The workflow, step by step
- 1
Pre-Event: Prepare All Three Start-Lists
RaceTagger · A few minutes before the weekend
Get the three official entry lists (MotoGP, Moto2, Moto3) and save each as its own CSV. You'll match each class's photos against its own start-list, so keeping the three lists separate from the start avoids cross-class confusion later.
Pro tip
Name your CSVs clearly — motogp-round-x.csv, moto2-round-x.csv, moto3-round-x.csv — so when you tag each session you load the right list for the class you're processing.
- 2
Shoot and Cull by Session
Camera · Varies with how heavily you cull
Shoot each session independently. After a session, ingest with your editor (Photo Mechanic, Lightroom, or Capture One), cull heavily, then point RaceTagger at just that session's keepers. Working session by session keeps each batch small and fast to review.
Pro tip
For cleaner number reads, favor corner entry and exit over the apex. Apex frames at extreme lean look great editorially but the number is often rotated out of view — plan which corners you shoot if you also want clean tags.
- 3
Batch Tag Against the Right Start-List
RaceTagger · Runs as a batch in the background while you keep working
Run RaceTagger on the culled session folder, matched against that class's start-list CSV. It detects the race numbers it can read and matches them to the riders on your list. Because you process one class at a time against its own list, the results stay cleanly separated by class.
Pro tip
Process each session right after the shoot instead of saving everything for end-of-day — you'll want the early classes tagged and ready for delivery while later sessions are still running.
- 4
Review the Flagged Reads
RaceTagger · A focused pass over the flagged subset, not the whole set
RaceTagger flags low-confidence detections — rain, extreme lean, backlit frames — instead of guessing and writing a wrong number. You review only those flagged frames and confirm or correct them, rather than checking every photo by hand.
Pro tip
Wet sessions produce more flags than dry ones — budget a little more review time when it's raining, and less when conditions are clean.
- 5
Write Metadata and Organize by Class
RaceTagger · A quick export step once review is done
RaceTagger writes the matched rider details into each photo's metadata (EXIF/XMP/IPTC) and can organize the output into folders. Keep each class in its own export — MotoGP, Moto2, Moto3 — so each gallery is ready to hand off on its own.
Pro tip
Keeping a separate catalog or folder per class makes next-round lookups and season archives much easier to navigate.
- 6
Import, Edit, and Deliver Per Class
Lightroom · Your normal editing time, minus the manual tagging
Bring each class folder into your editor separately. Because the rider details are already in the metadata, you can filter by rider name, pick your best frames per rider, edit for a consistent look, and deliver each class gallery as it's ready — without waiting for the whole weekend to finish.
Pro tip
Per-class delivery wins repeat work — organizers and agencies remember who had a class gallery up first.

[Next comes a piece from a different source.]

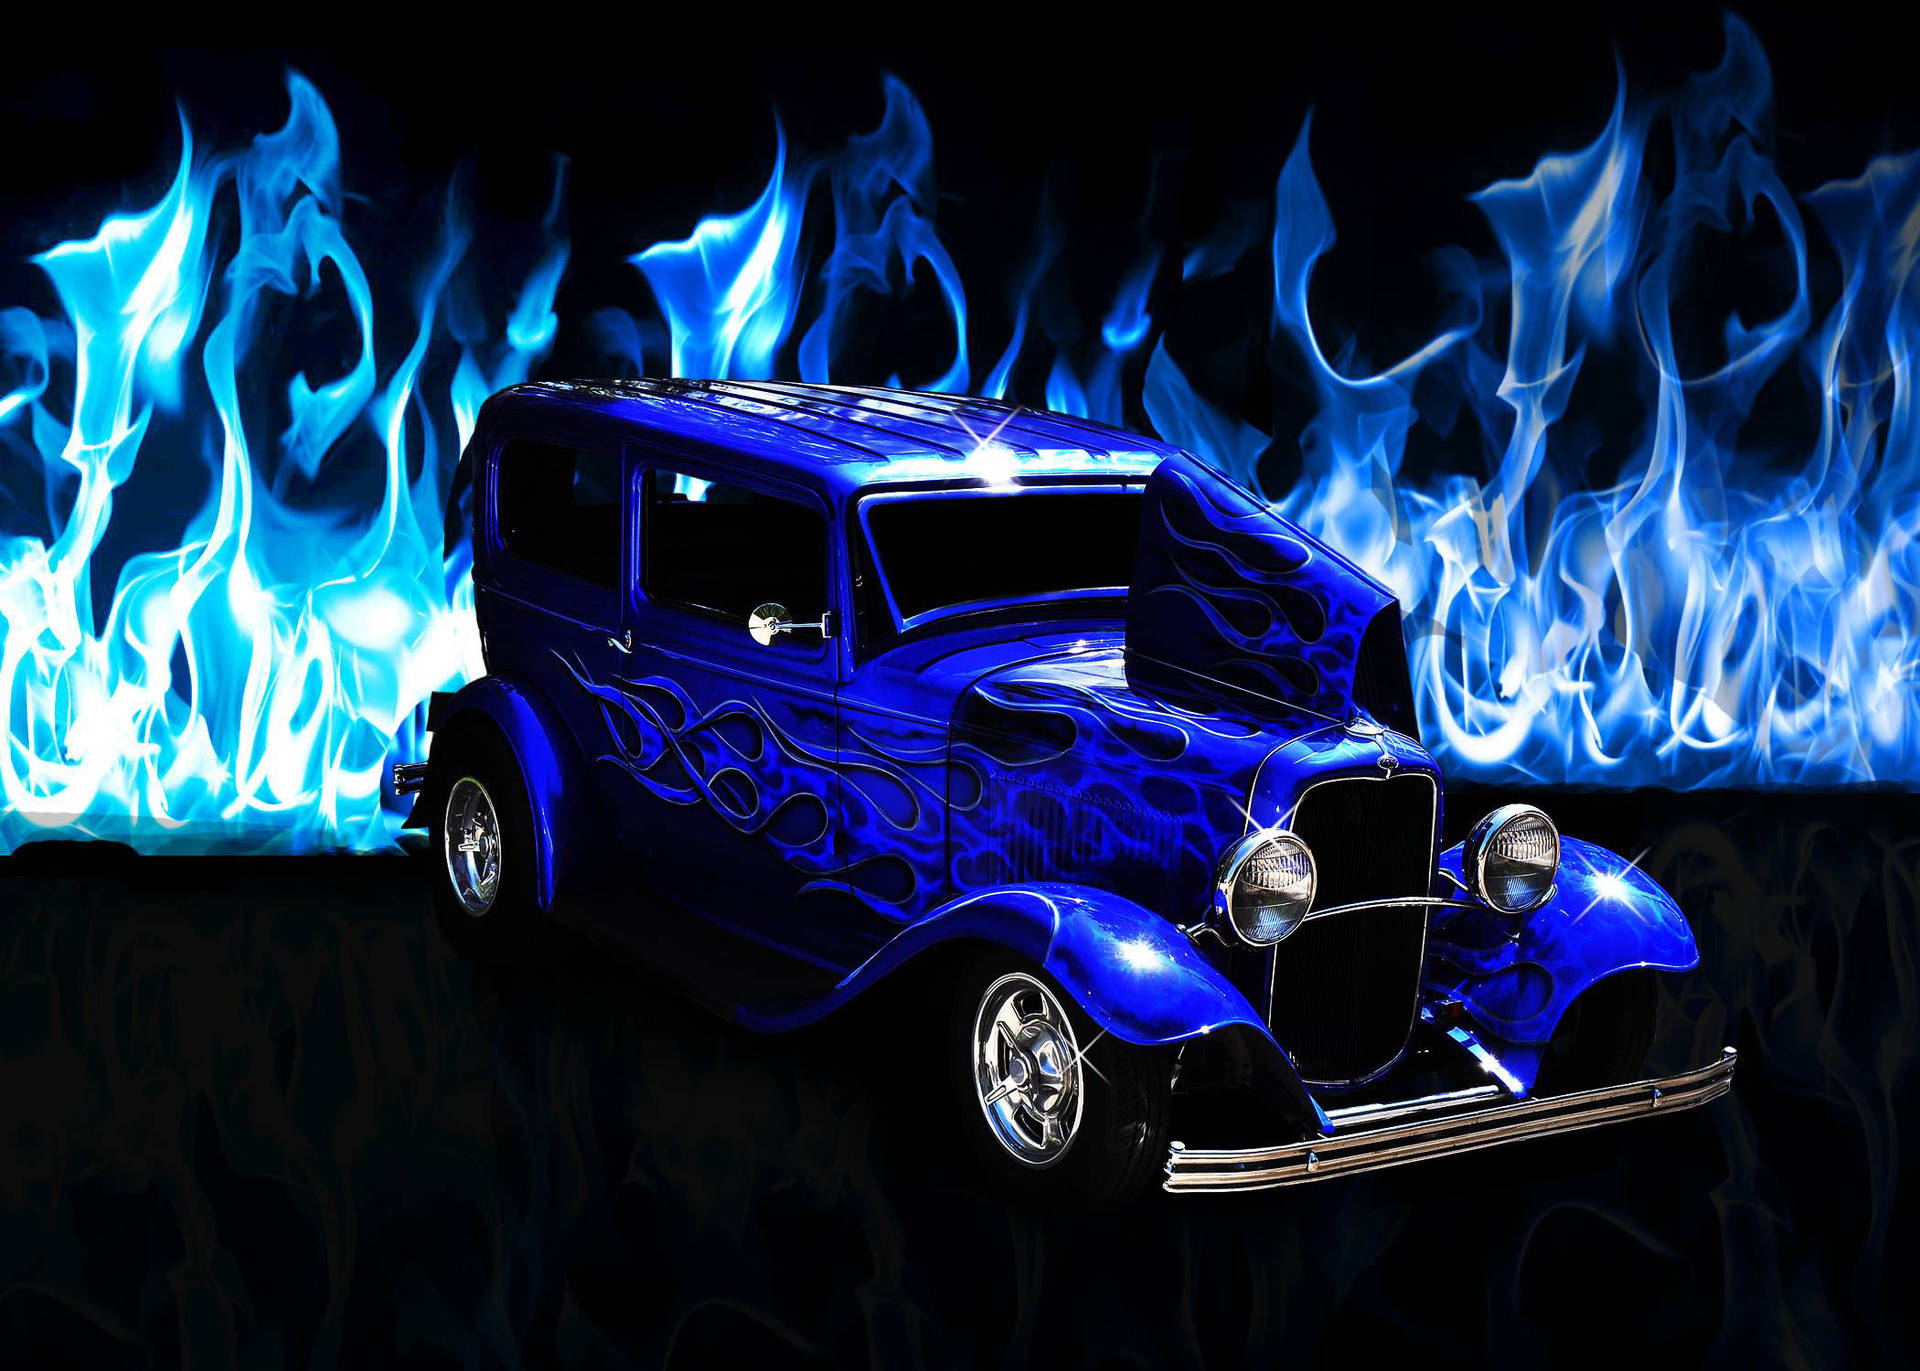 Vibrant Blue Flames Engulfing A Vintage Ford Background

Where the numbers get hard
Extreme lean angles hiding the fairing number
Why it's hard. At extreme lean the bike compresses visually and the fairing twists toward the ground, so the side-panel number rotates away from the camera. Apex frames often show the underside of the bike rather than the painted number.
How we handle it. When the number is partially visible, RaceTagger can still read it and match it to your start-list. When the read is genuinely uncertain, it flags the frame for your review instead of writing a guess.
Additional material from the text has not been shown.